Hi, I’m Jérémie 👋

I’m a PhD candidate in ML security and privacy at École Polytechnique Paris, supervised by Prof. Sonia Vanier and Prof. Davide Buscaldi. I also collaborate with Crédit Agricole as part of the “Responsible and Trustworthy AI” partnership with École Polytechnique.

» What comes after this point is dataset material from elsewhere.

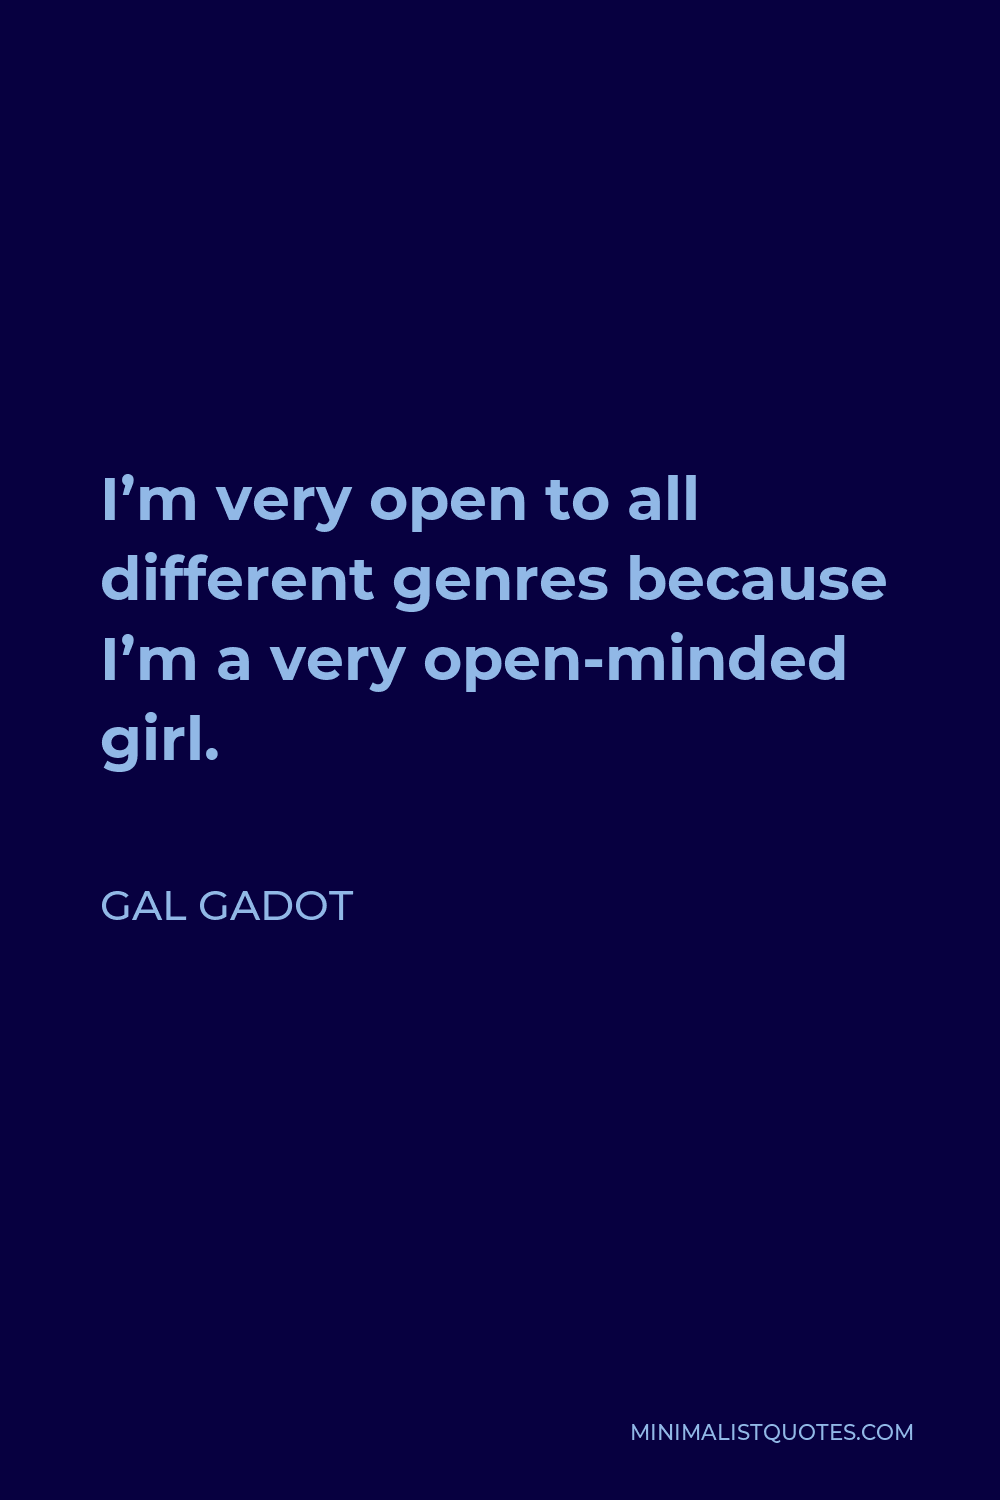 Gal Gadot Quote - I’m very open to all different genres because I’m a very open-minded girl.

My research focuses on security and privacy in machine learning, with a particular interest in the robustness of Large Language Models against privacy attacks. I have developed new adversarial attacks to reconstruct training data from multimodal models, designed an auditing method to predict LLM memorization in classification settings, and proposed a new taxonomy of memorization that aligns with attention mechanisms and enables fine-grained localization. I am currently working on new techniques for uncertainty quantification in LLM outputs, and I published a new benchmark on that topic.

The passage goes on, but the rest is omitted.